* PROMPT: Return all of the data exactly as written, without the pictures.

START EXERCISE DATA

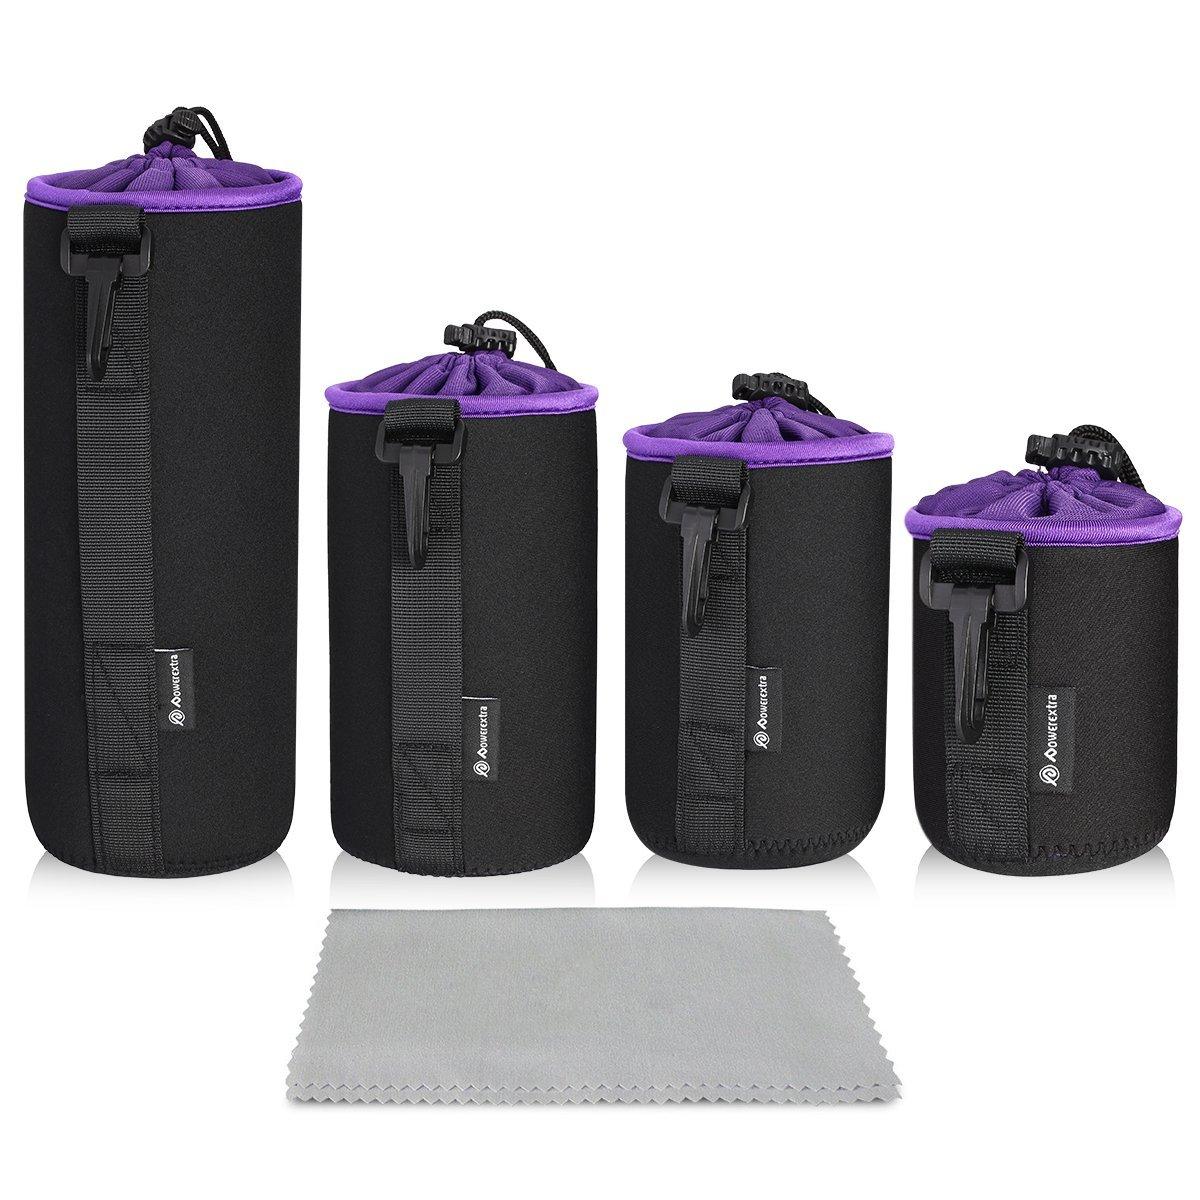 1X Neoprene Soft Camera Inner Lens Case Pouch Bag for Canon Camera FO
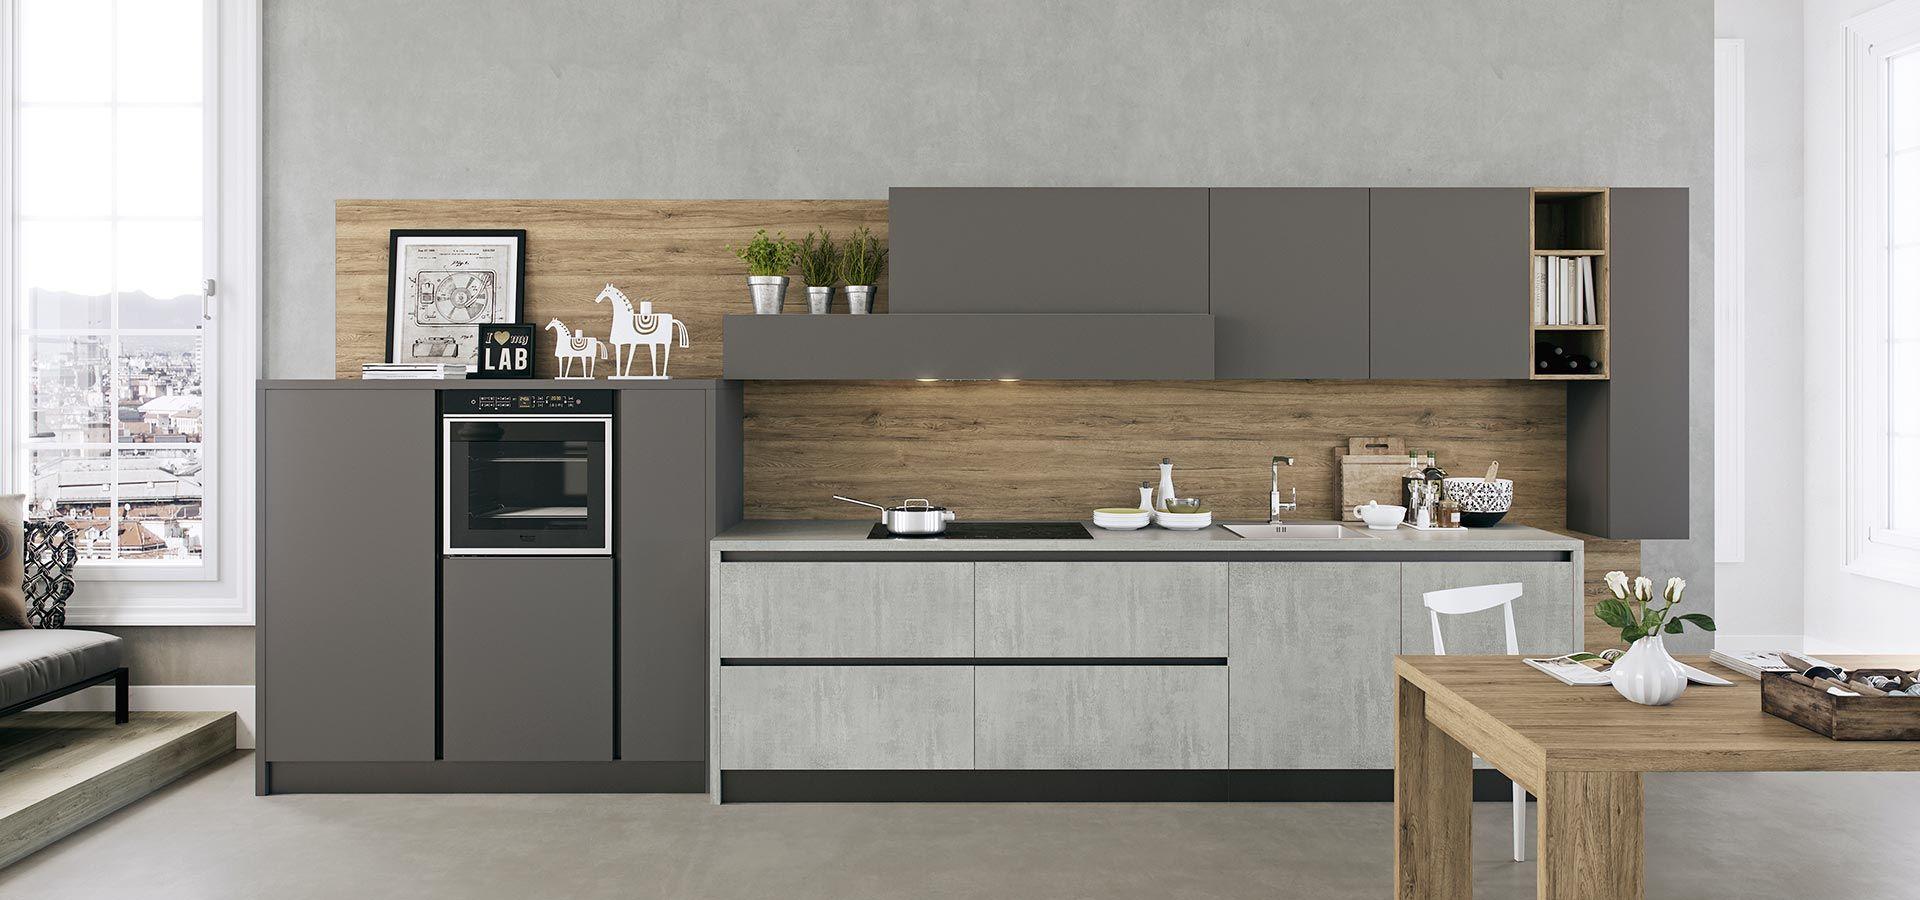 cuisine kali am nagement pinterest am nagement et cuisines. Black Bedroom Furniture Sets. Home Design Ideas
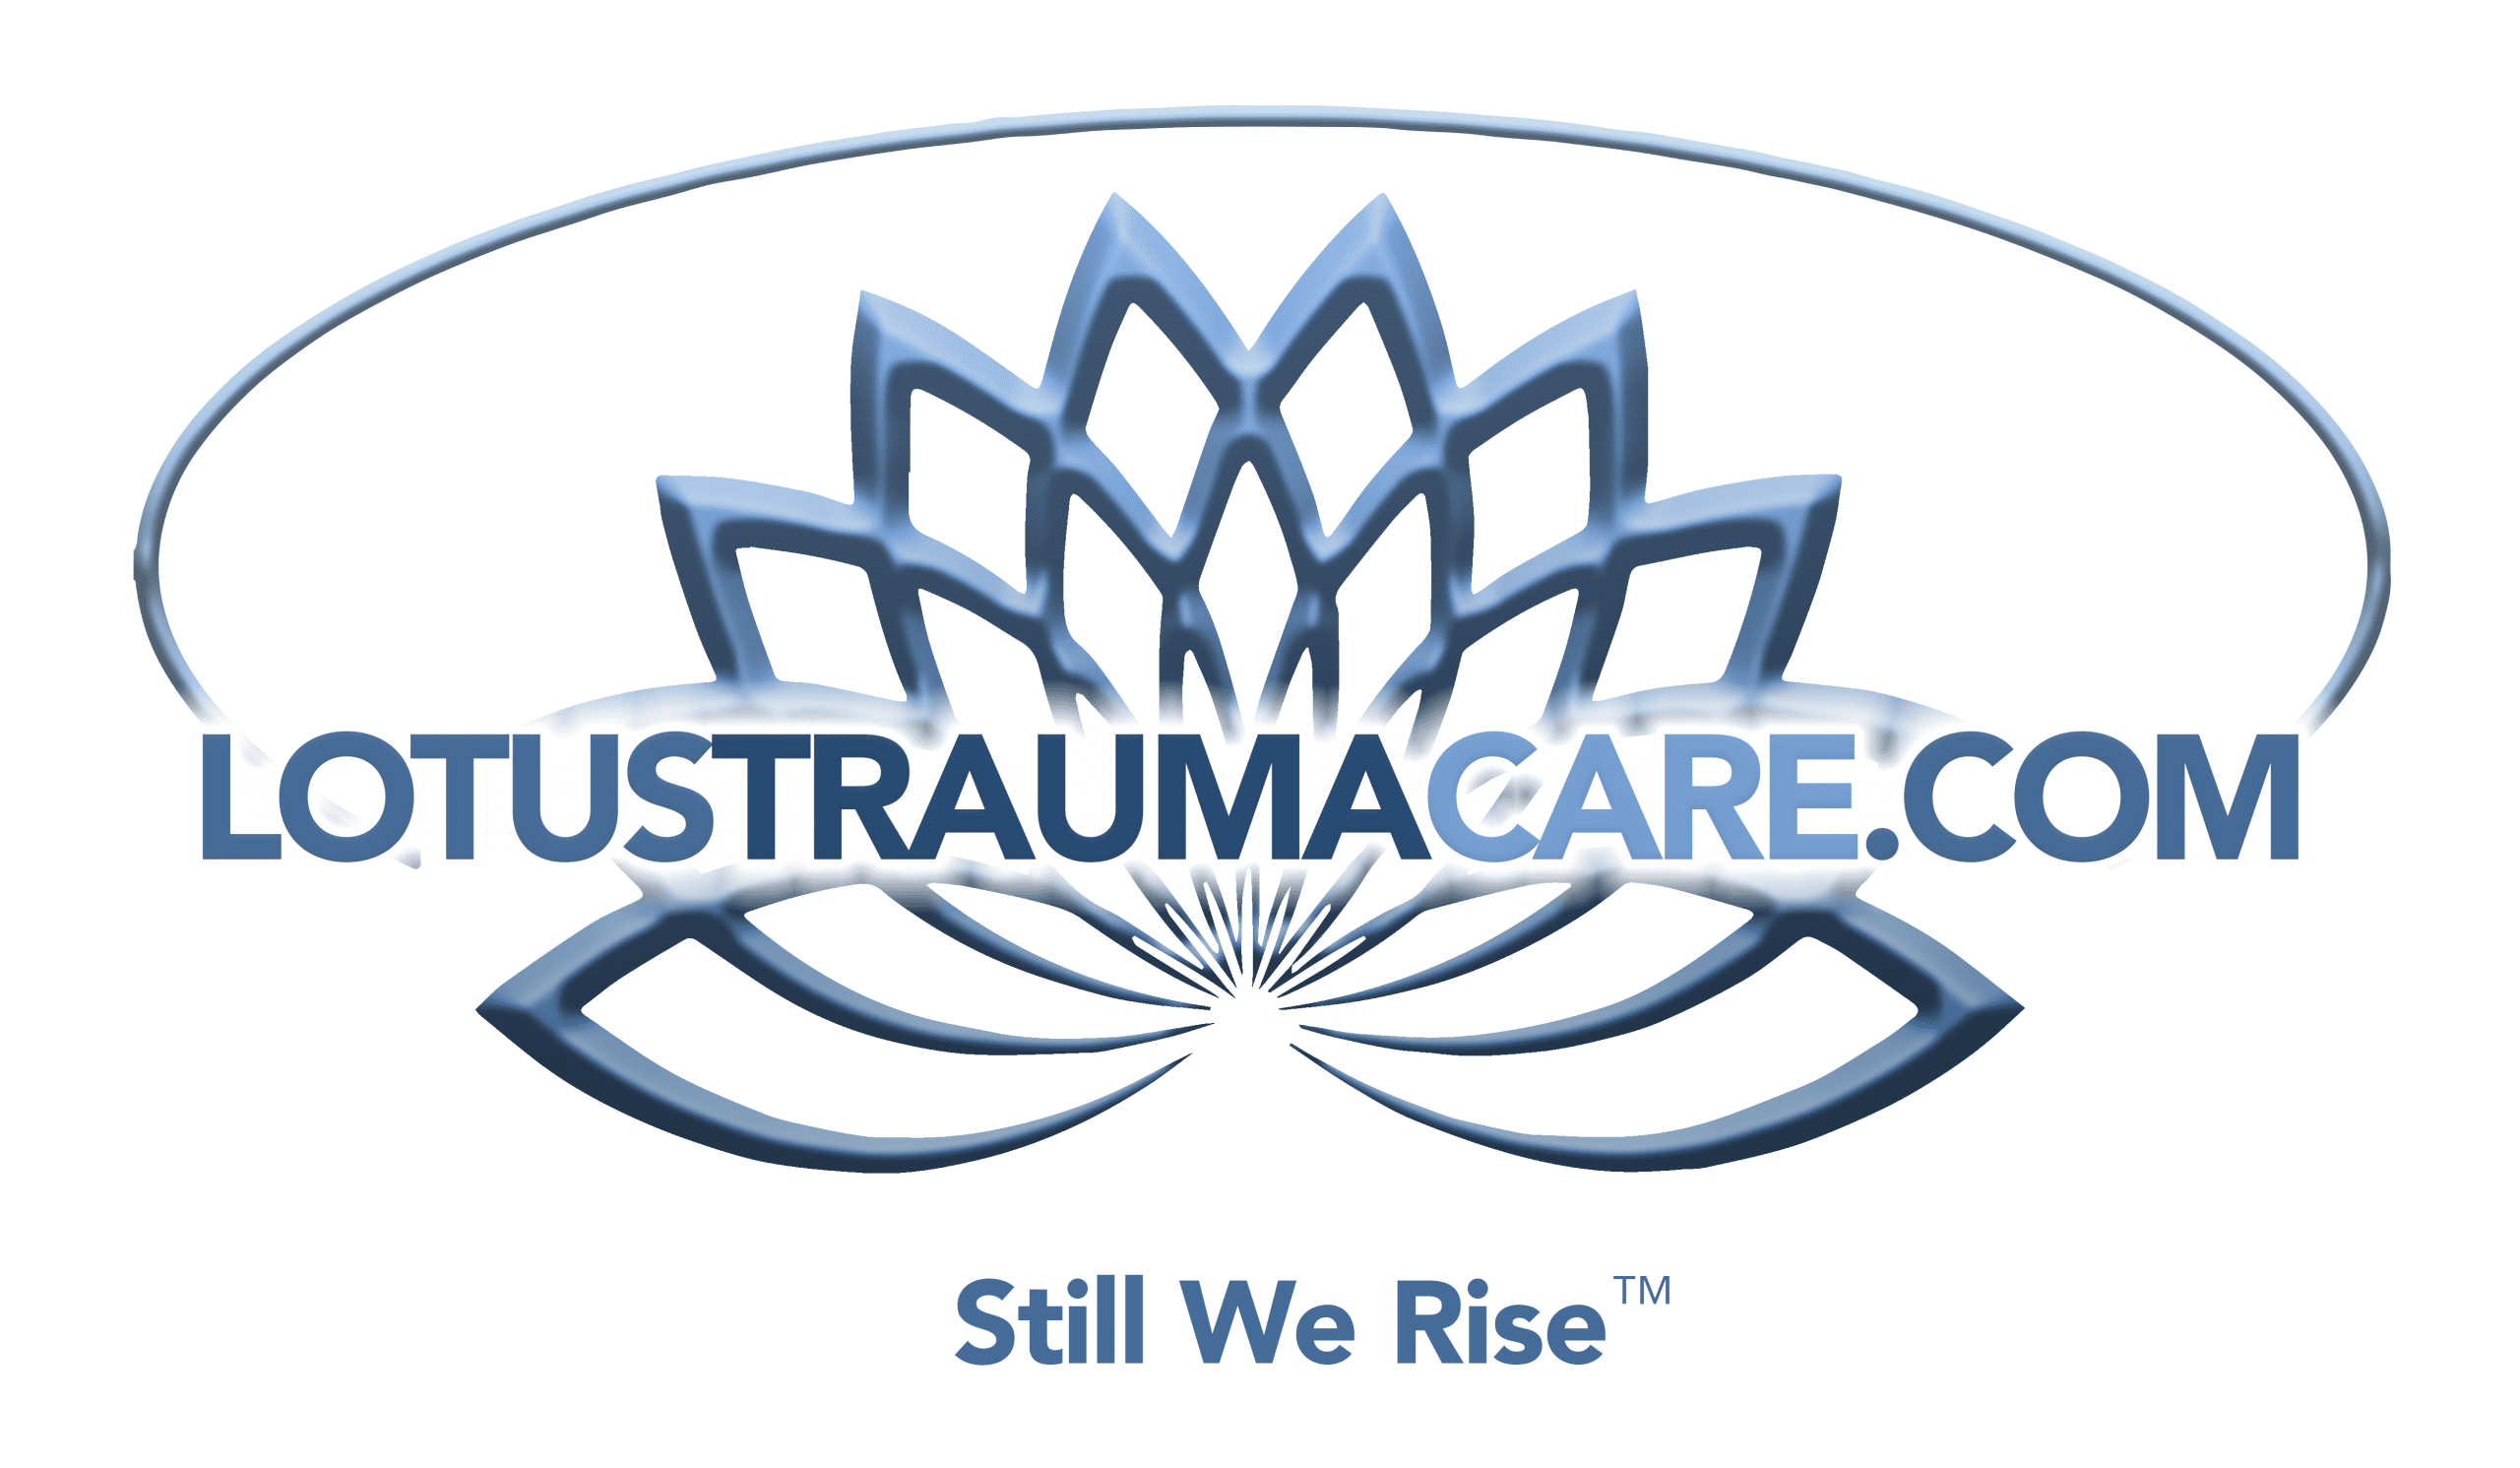 Lotus Trauma Care, LLC
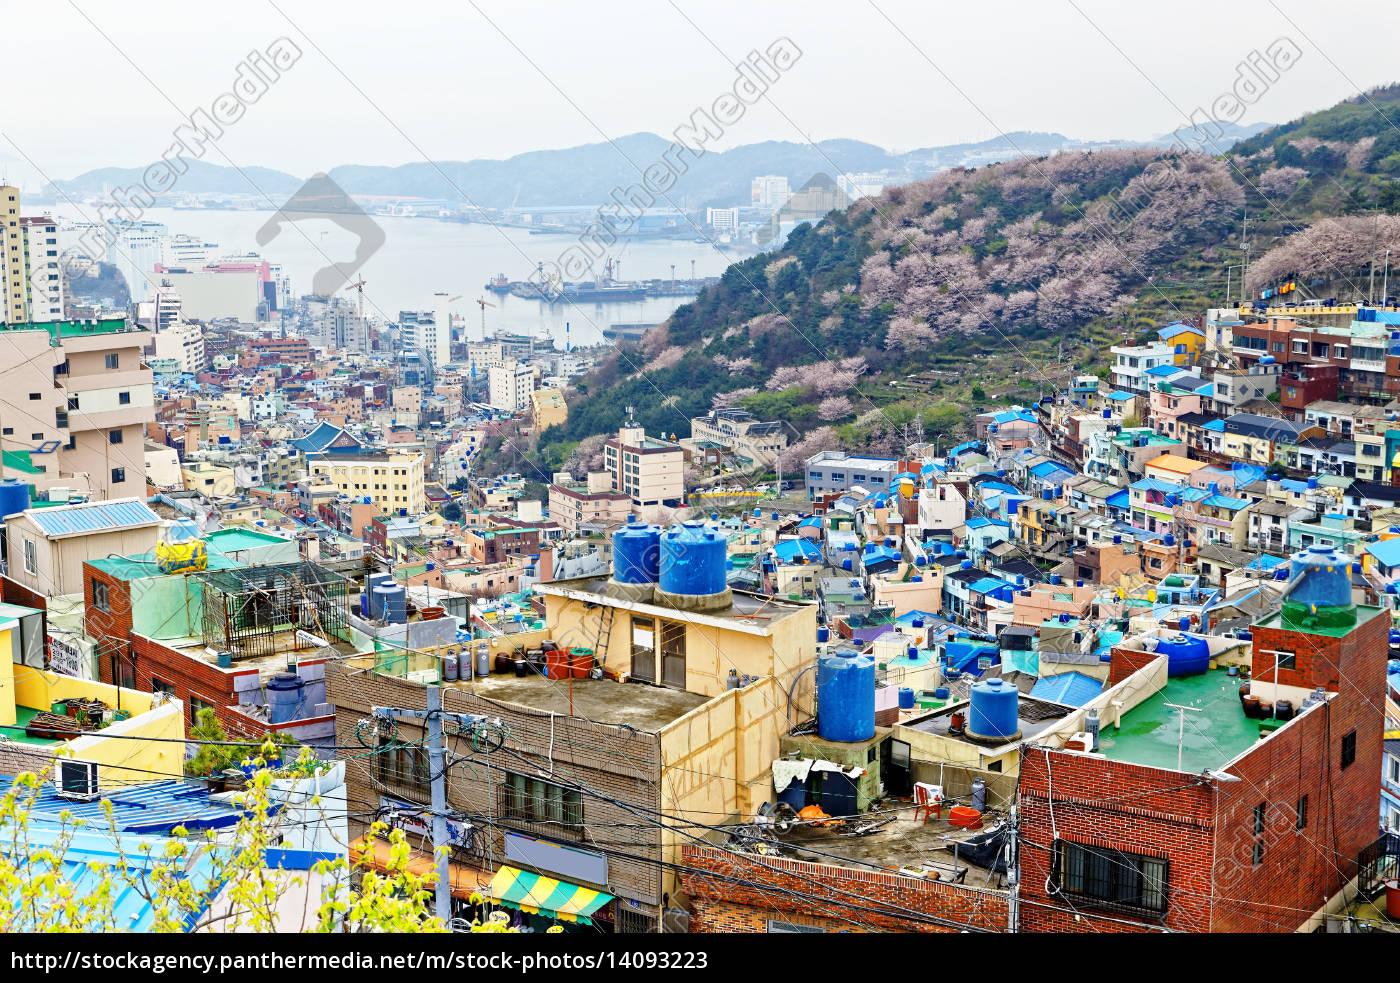 gamcheon, culture, village, in, south, korea. - 14093223

END EXERCISE DATA

* WRITTEN SOLUTION:
 1X Neoprene Soft Camera Inner Lens Case Pouch Bag for Canon Camera FO
 cuisine kali am nagement pinterest am nagement et cuisines. Black Bedroom Furniture Sets. Home Design Ideas
 Lotus Trauma Care, LLC
 gamcheon, culture, village, in, south, korea. - 14093223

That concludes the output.